- Opening Delimiter -

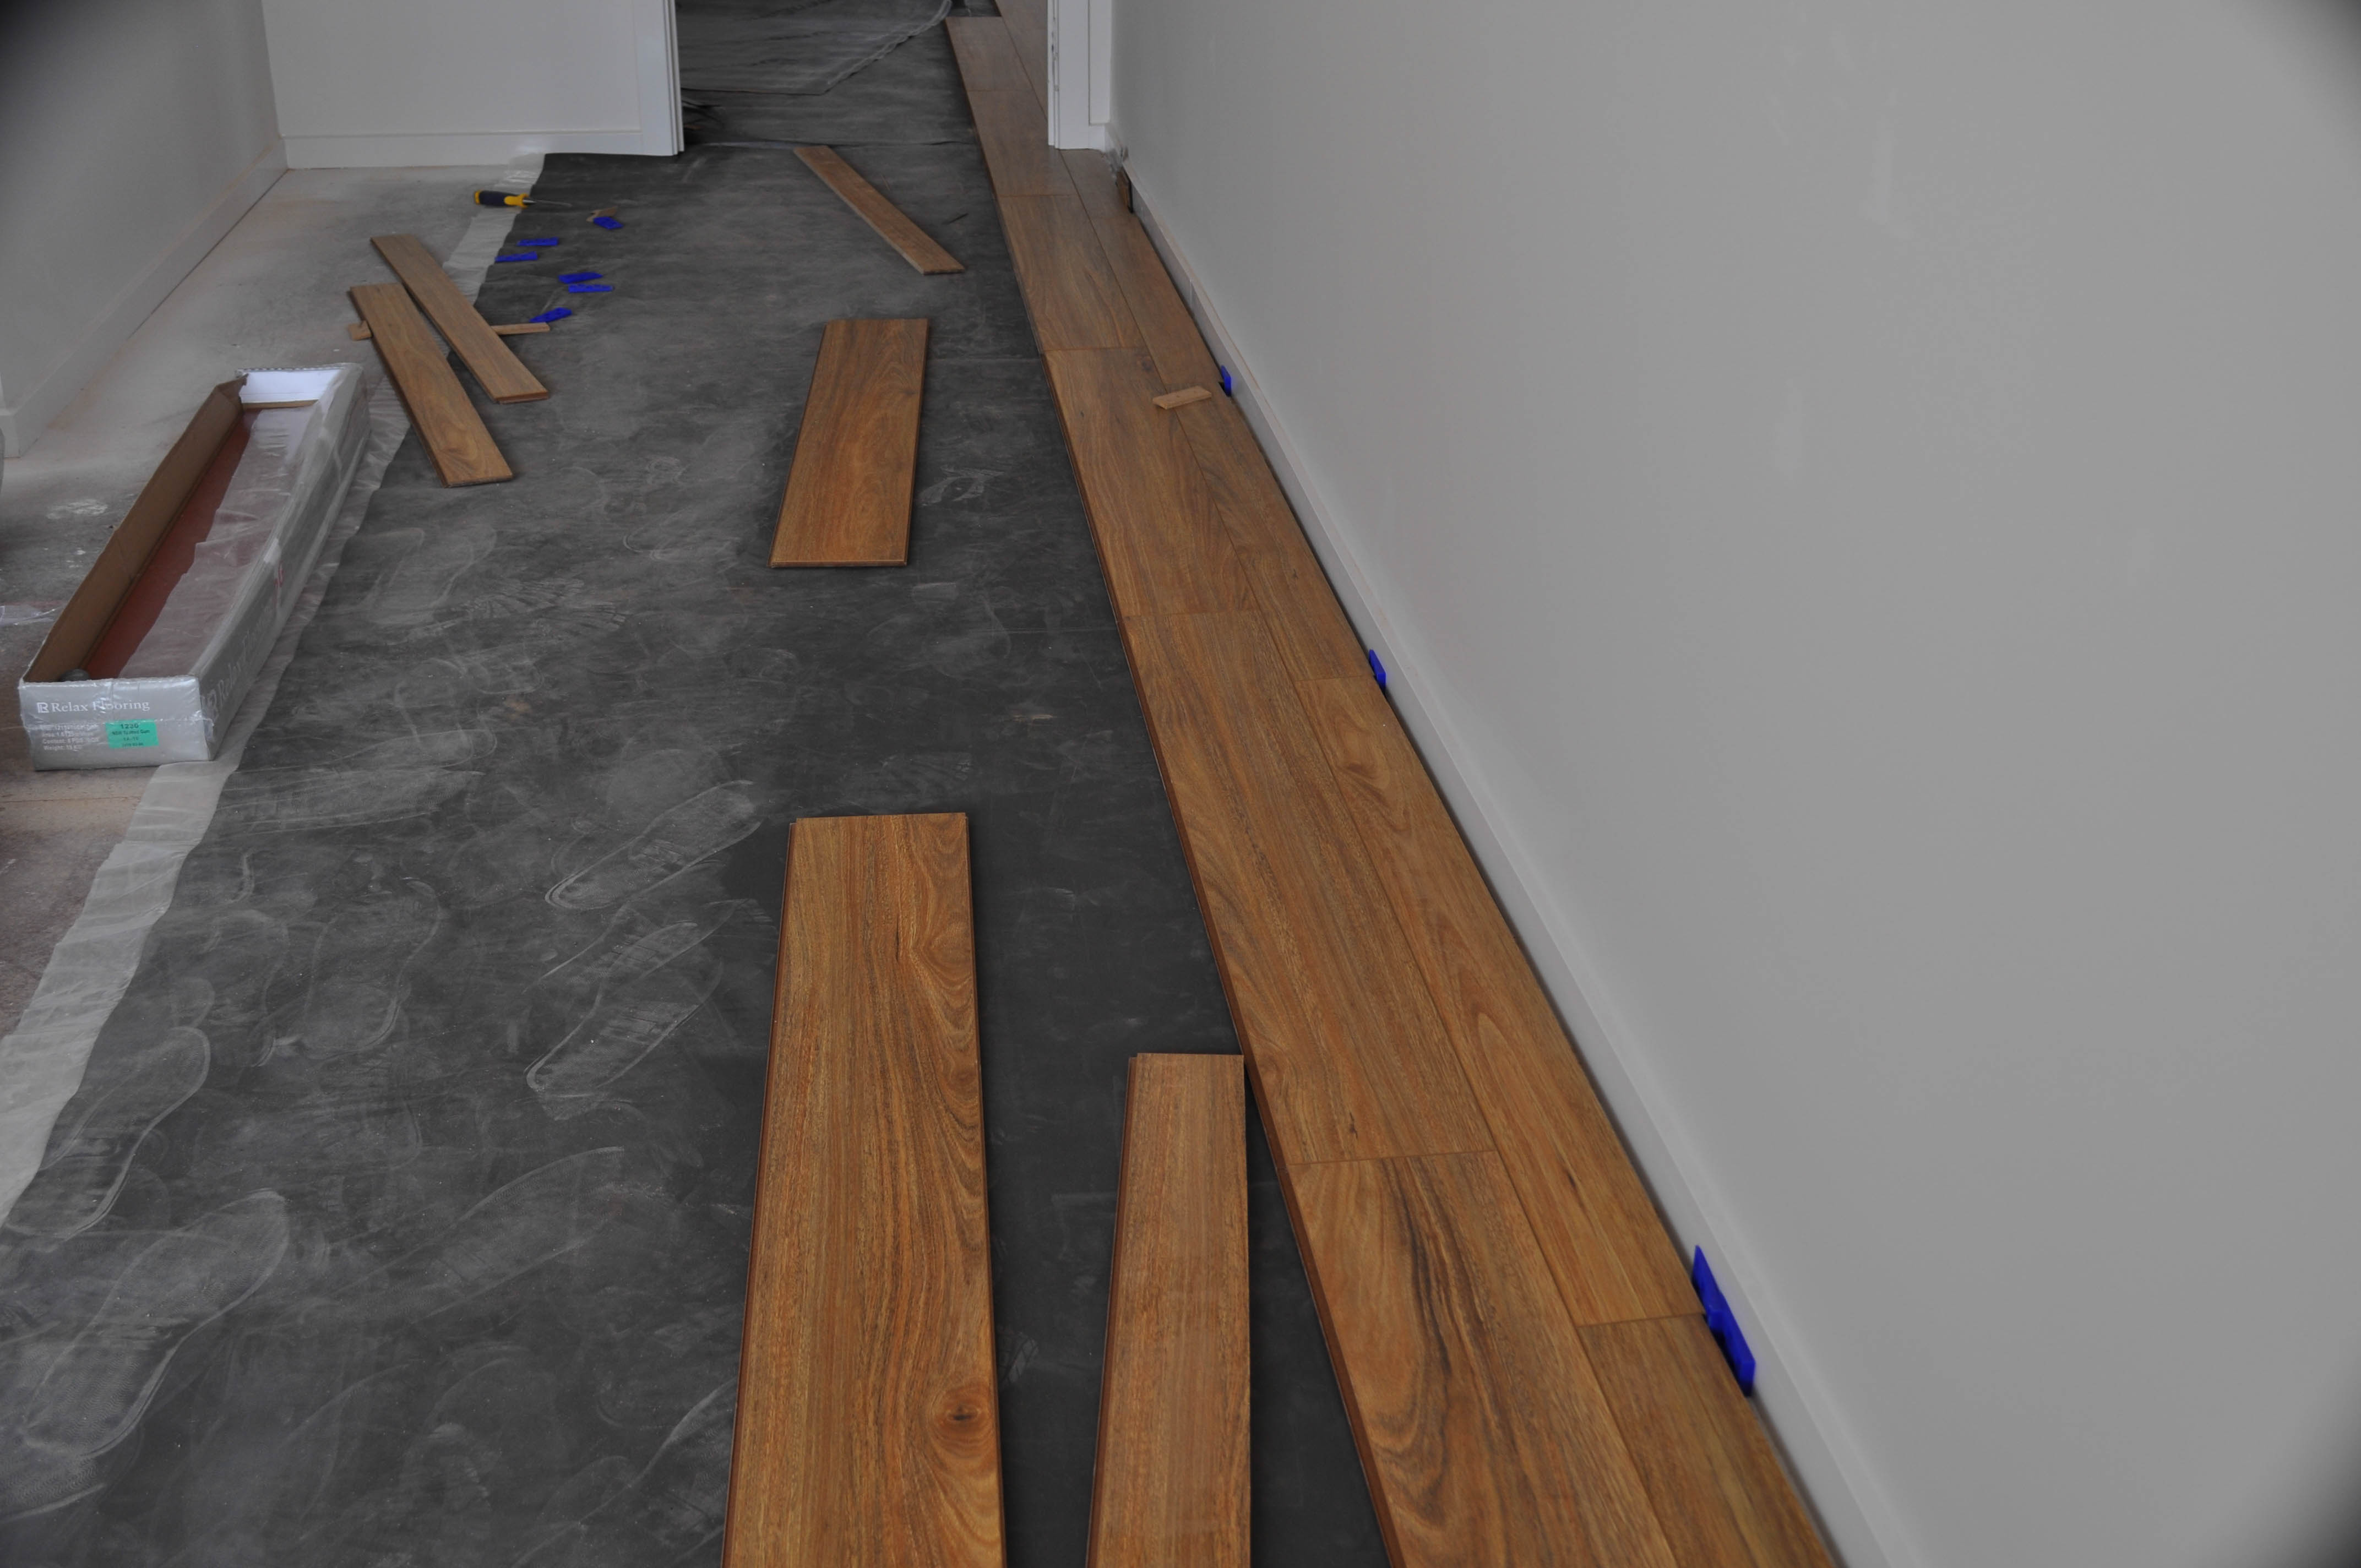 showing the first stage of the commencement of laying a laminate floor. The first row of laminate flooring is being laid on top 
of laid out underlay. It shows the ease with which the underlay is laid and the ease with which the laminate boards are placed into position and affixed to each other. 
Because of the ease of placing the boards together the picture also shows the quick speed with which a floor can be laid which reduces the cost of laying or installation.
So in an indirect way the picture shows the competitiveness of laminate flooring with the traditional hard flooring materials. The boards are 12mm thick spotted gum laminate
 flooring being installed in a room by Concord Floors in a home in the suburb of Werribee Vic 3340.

- Closing Delimiter -
- Opening Delimiter -

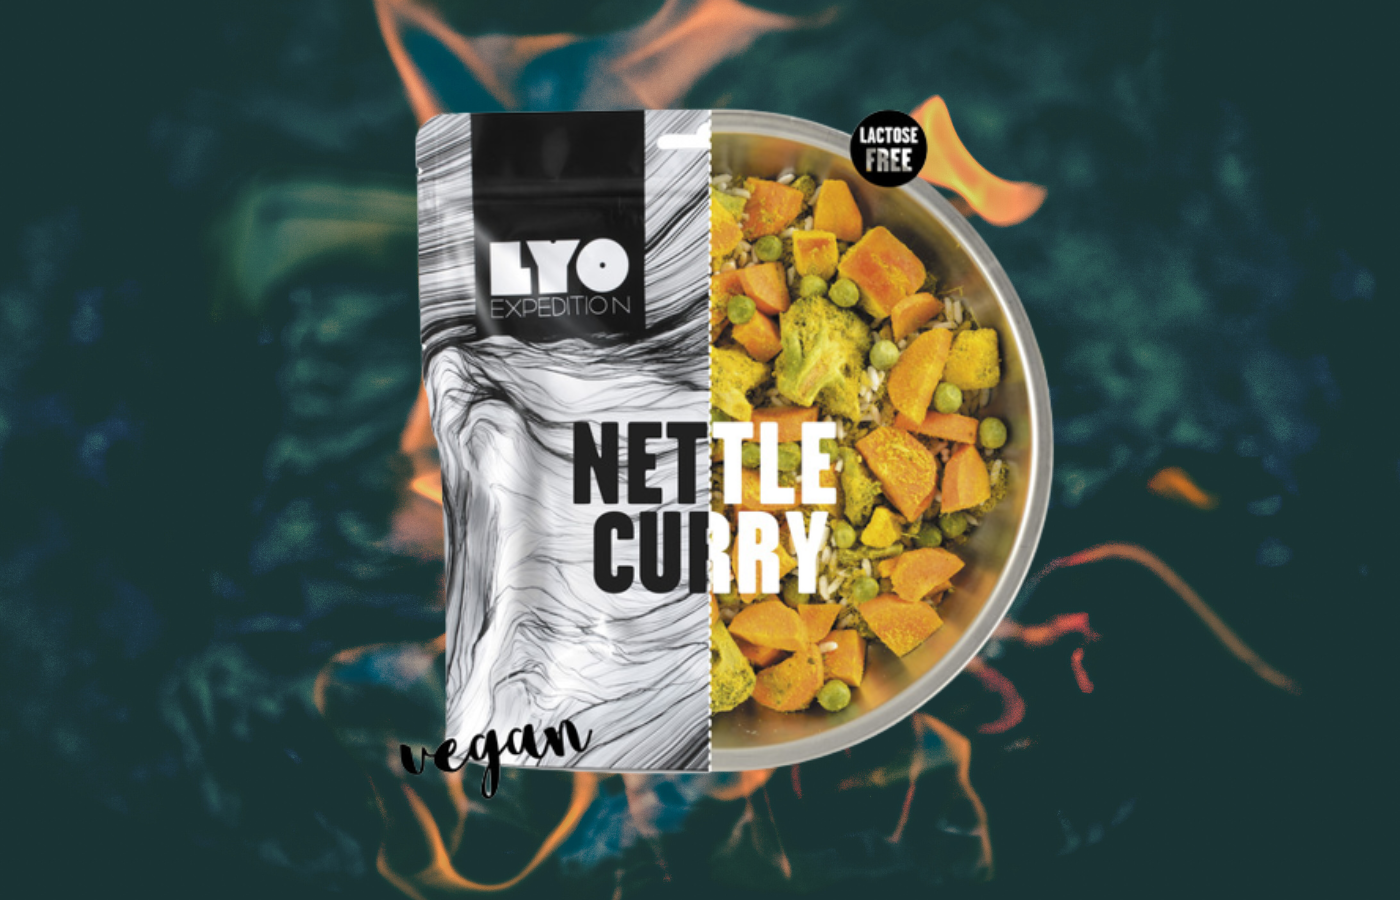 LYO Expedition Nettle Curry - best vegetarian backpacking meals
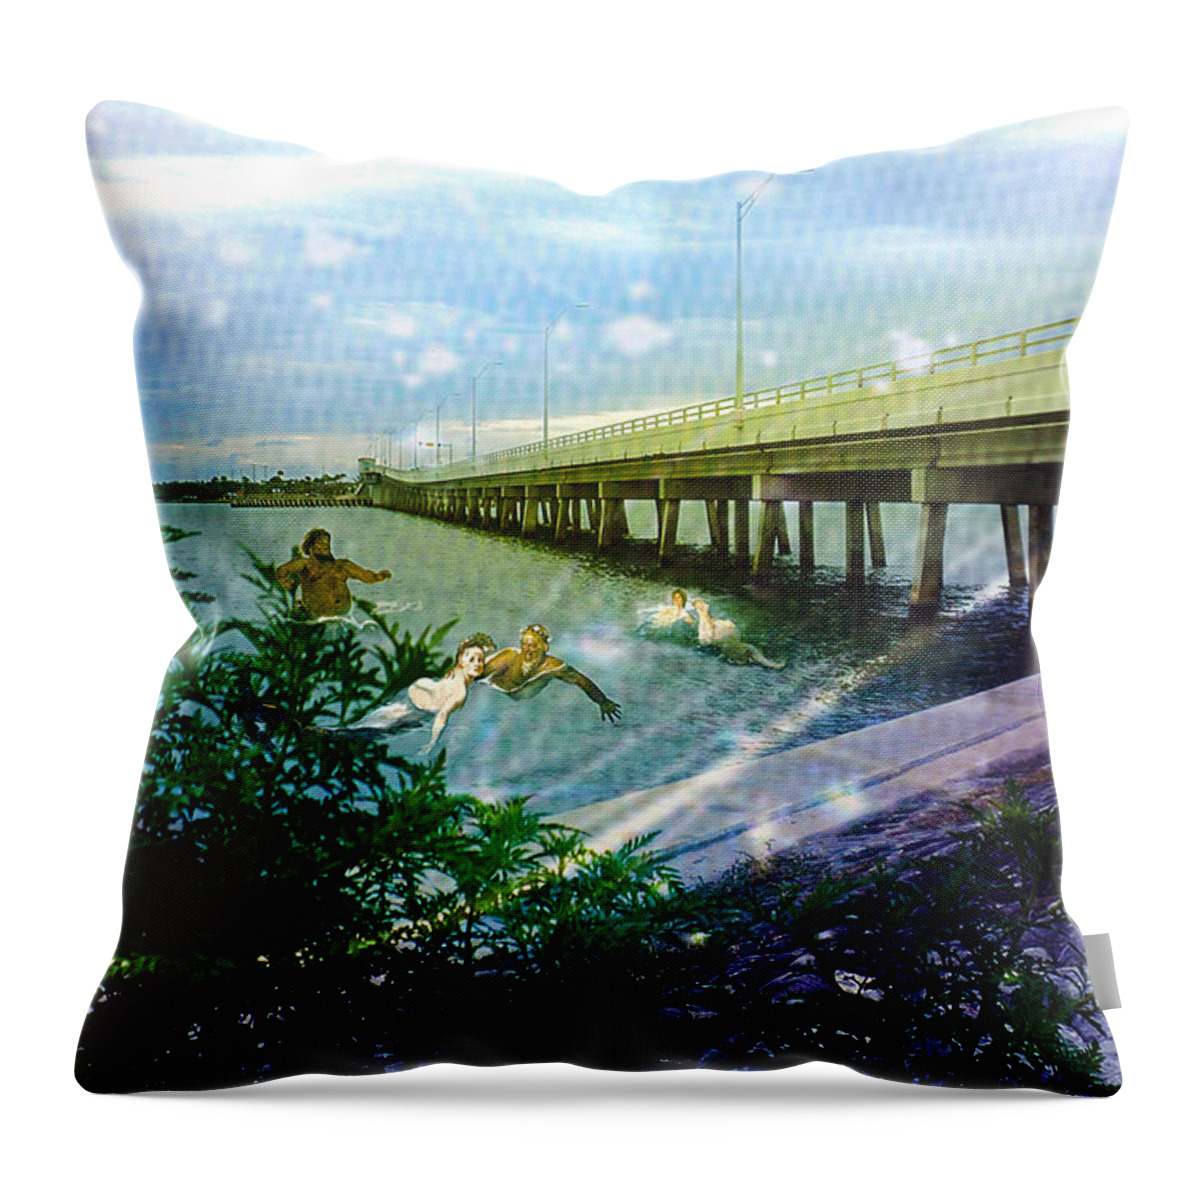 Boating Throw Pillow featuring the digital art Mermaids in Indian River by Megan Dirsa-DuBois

- Closing Delimiter -

Take the lines above starting at the one containing "showing the first" and ending at the one containing "flooring being installed", and print them again exactly, without pictures.

 showing the first stage of the commencement of laying a laminate floor. The first row of laminate flooring is being laid on top 
of laid out underlay. It shows the ease with which the underlay is laid and the ease with which the laminate boards are placed into position and affixed to each other. 
Because of the ease of placing the boards together the picture also shows the quick speed with which a floor can be laid which reduces the cost of laying or installation.
So in an indirect way the picture shows the competitiveness of laminate flooring with the traditional hard flooring materials. The boards are 12mm thick spotted gum laminate
 flooring being installed in a room by Concord Floors in a home in the suburb of Werribee Vic 3340.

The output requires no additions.